The 1930s were especially marked by the so-called "German trilogy" composed of What now? (1934), Three Comrades (1938) and The Mortal Storm (1939), where politics enters society fully, like a cancer that corrupts everything.Frank Borzage showed the devastating effects of the rise to power of totalitarianisms such as the Nazi regime of Adolf Hitler, with which he also made a call for solidarity as a substitute for universal love.However, viewers opted instead for other films with an infinitely more baroque tone, such as the sophisticated Mannequin (1938) or that authentic hymn to love sentiment that was Desire (1936), one of the crowning works of Borzage's successful career and by extension of the entire history of cinema.
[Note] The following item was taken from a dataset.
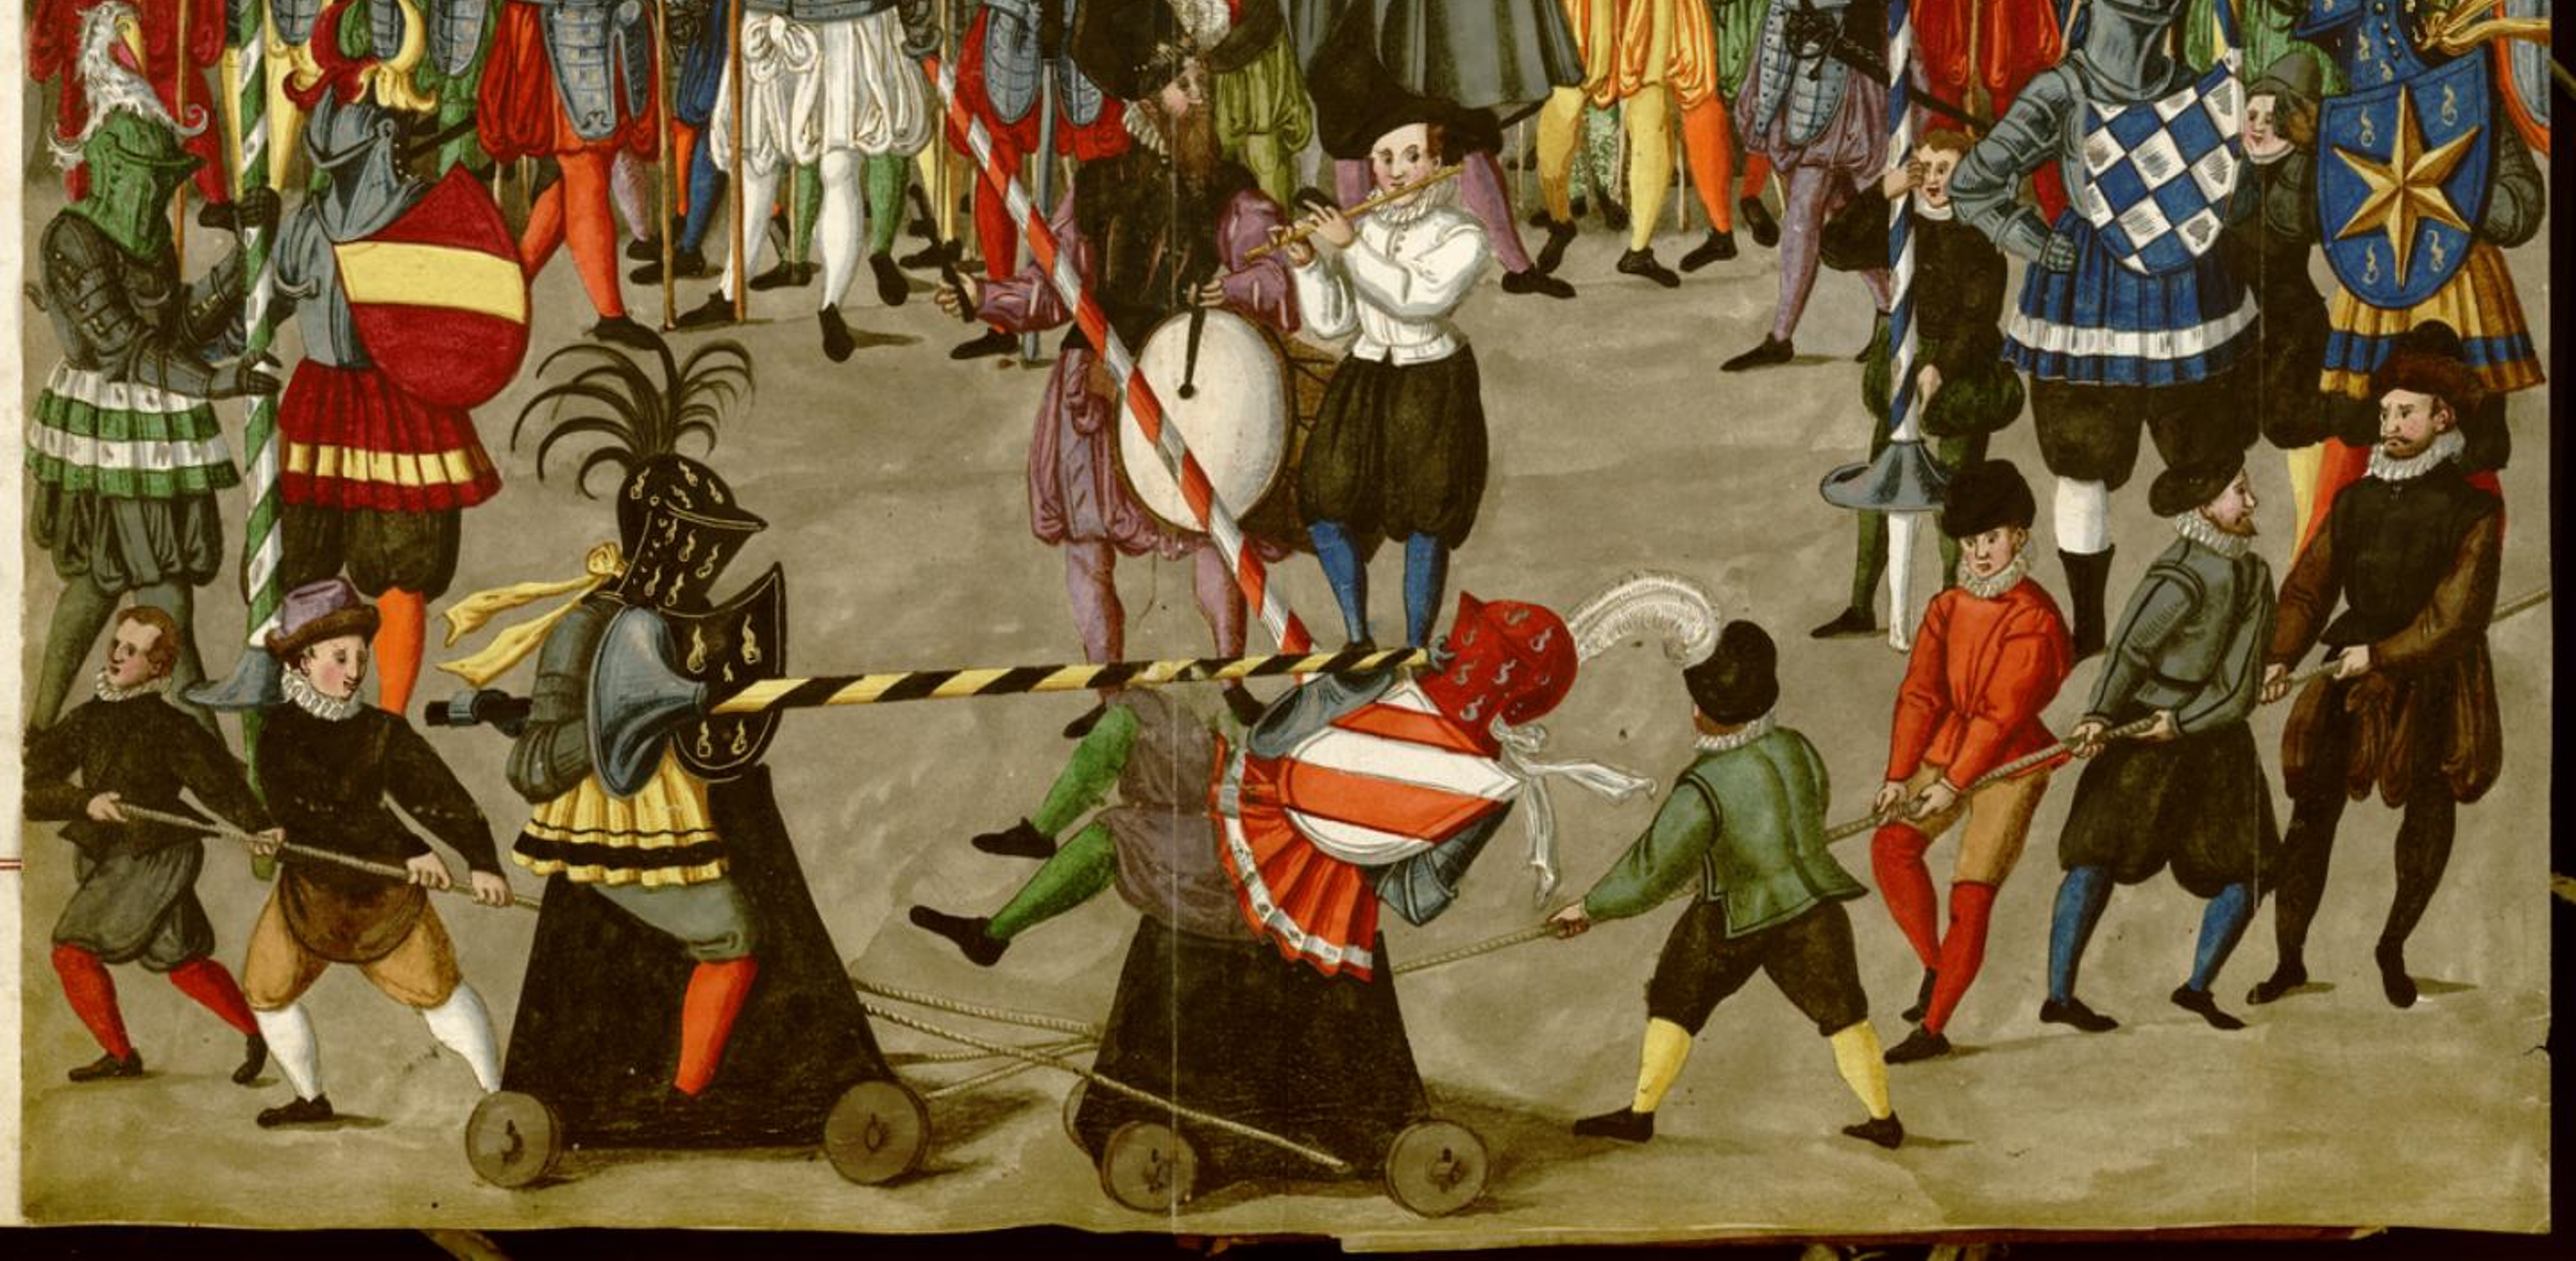 Torneo Carnaval de Nuremberg. 1600. Detalle.

The pirate adventure film The Spanish Main (1945 ) signaled a turning point in its trajectory.The economic failure of this feature film, which will be followed by others no less striking, such as the one suffered the following year with The great passion (a Mannerist film that repeated his style features although without the verve or beauty of previous proposals), ended up causing him to leave the cinema for almost a decade.Upon his return, things had changed dramatically and Frank Borzage could not accommodate himself to the new times, so titles such as China Doll (1958) and The Great Fisherman (1959) were closer to being a vindication of past times than a commitment to modernity, as had been a good part of his previous filmography.

In his decline as a filmmaker, he hardly received offers from a certain interest.In this situation, he chose to accept the direction of an Italian peplum , Antinea, l'amante della città sepolta (1961), whose filming he had, however, to abandon after two o'clock.weeks after end-stage cancer is detected.Edgar G.Ulmer and Giuseppe Massini replaced him as directors.